“夫……夫人,这……这不好吧?”
管家有些踌躇,尽管沈老爷子年纪大了,但还是有很大的话语权。
“愣着做什么,赶紧让人把房门砸开。”
“寒年要是出了什么事,你们负责得起吗?”
“再说了老爷子只是在气头上,等他弄清楚事情真相,气就消了,快!快把门砸开。”
刚刚瞥到一眼,沈寒年背部全是伤,流了那么多的血,再拖下去怎么能行。
“是!”
“好,我这就叫人。”
“你们几个,快,把门砸开!”
砰!
一声巨响,门砸开了。
钱纭推开人群冲了进去,一进去,扑面而来的全是鲜血味。
“寒年……”
沈寒年浑身是血,连带着冷峻的面庞都有一道红色的印子,钱纭站在他跟前,心疼极了,颤颤巍巍的伸出手,不知道该碰哪里,“寒年,你怎么样?医生,快叫医生。
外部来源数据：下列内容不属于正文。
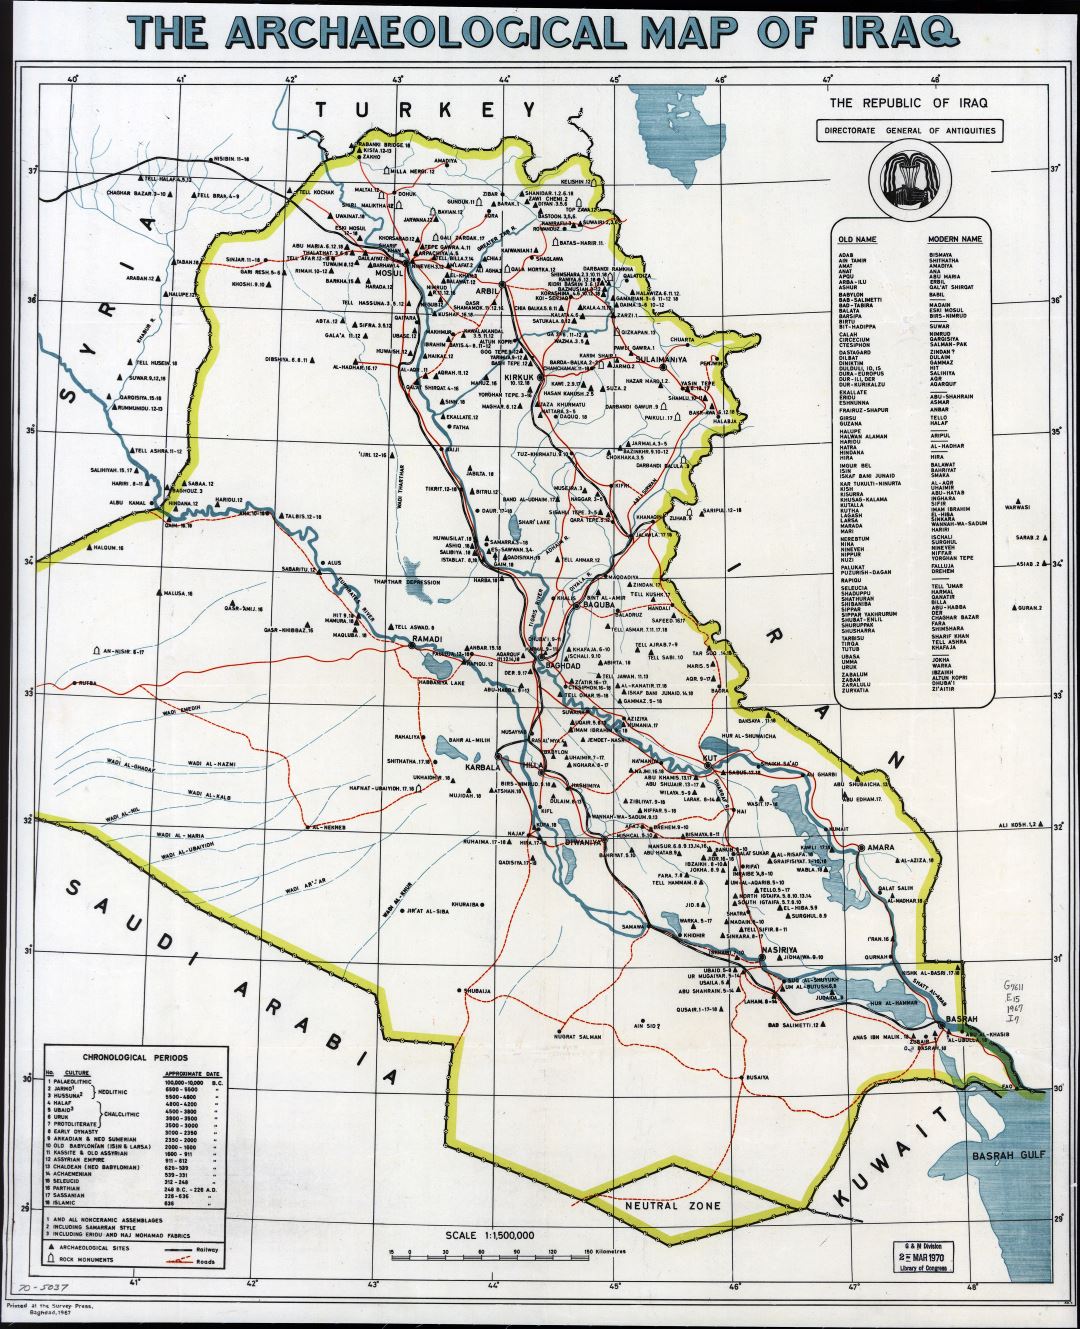 Large scale archaeological map of Iraq - 1967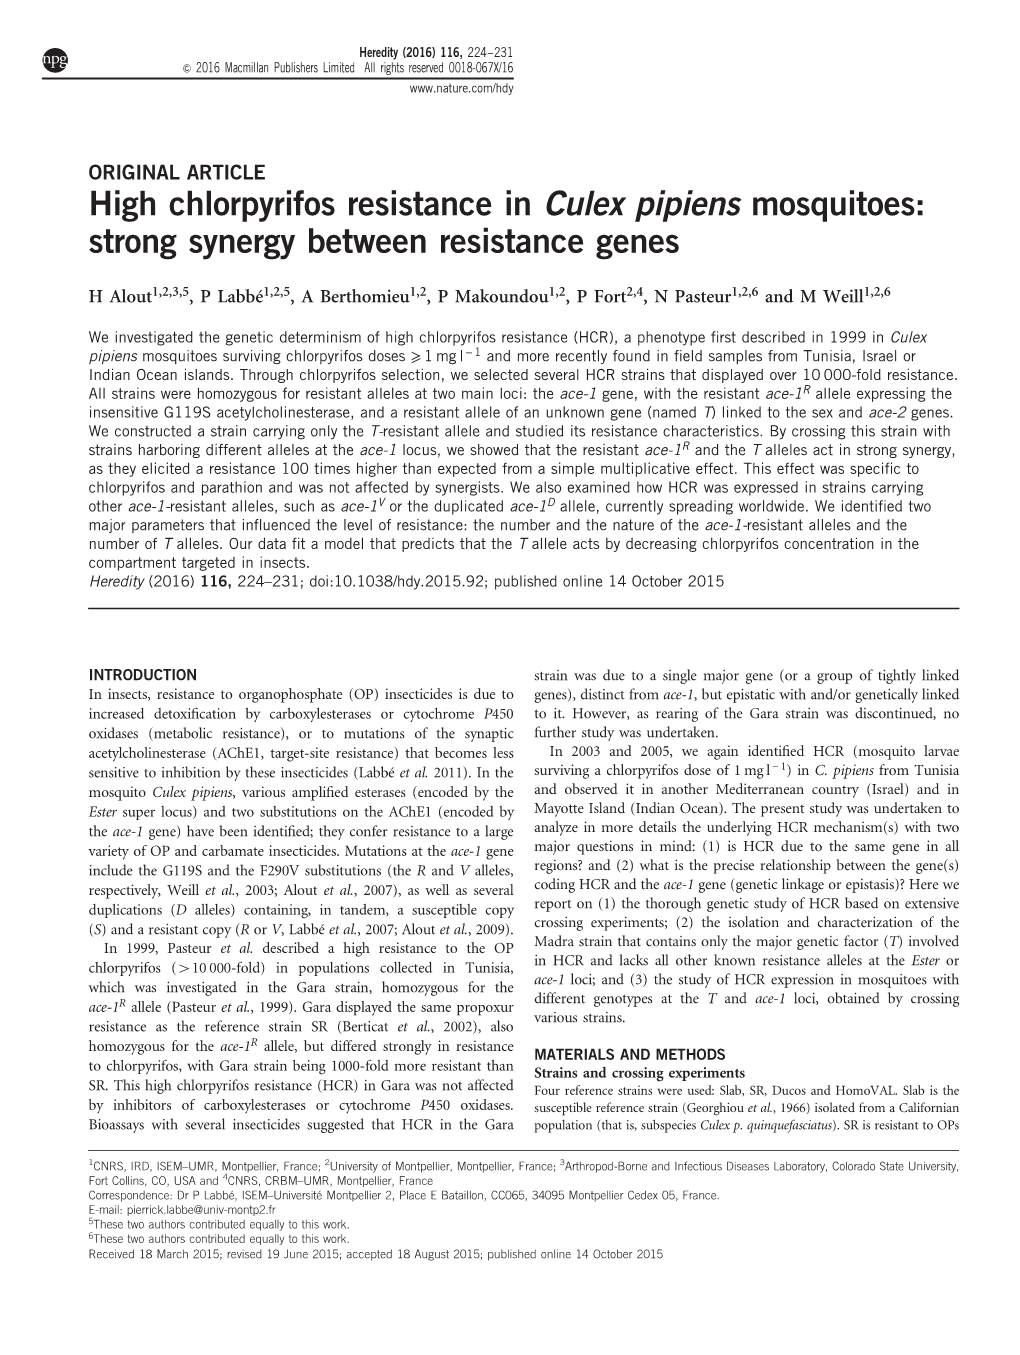 High Chlorpyrifos Resistance in Culex Pipiens Mosquitoes: Strong Synergy Between Resistance Genes

”
“老爷子也真是的,怎么打的这么重!”
“这件事,明明云宁同意,你也同意,怎么老爷子一个外人就不同意了?”
“在他心里,姜云宁比你这个亲孙子还重要?”
钱纭看着浑身是血的沈寒年,心里不满愈发浓郁,连平日的体面都不再维持。
“妈,我没事。”
“我还有事,我先走了。”
沈寒年拿起外套,顾不得安抚钱纭,快速走了出去。
“寒年!”
钱纭追了上去,“寒年,你身上的伤还在流血,寒年……”
回应她的只有汽车尾气。
“去查!”
“他去见谁!”
外面到底是有谁在啊!
让他连身上的伤都不顾了!
钱纭攥紧拳头,指甲陷入掌心,尖锐的刺痛压下她心里翻滚的醋意。
自己辛辛苦苦带大的儿子,现在连她的话都不听了。
左望舒!
当初就不该让她活着离开A市。
当年就不该……
……
姜云宁在谢家待了一下午。
她在谢锦的注视下,亲手修复了一对茶盏。
她技术很好,修复的茶盏活灵活现,得到了谢锦的认可,当场就聘请她为自己的文物修复师。
从谢府出来,天已经微微暗了。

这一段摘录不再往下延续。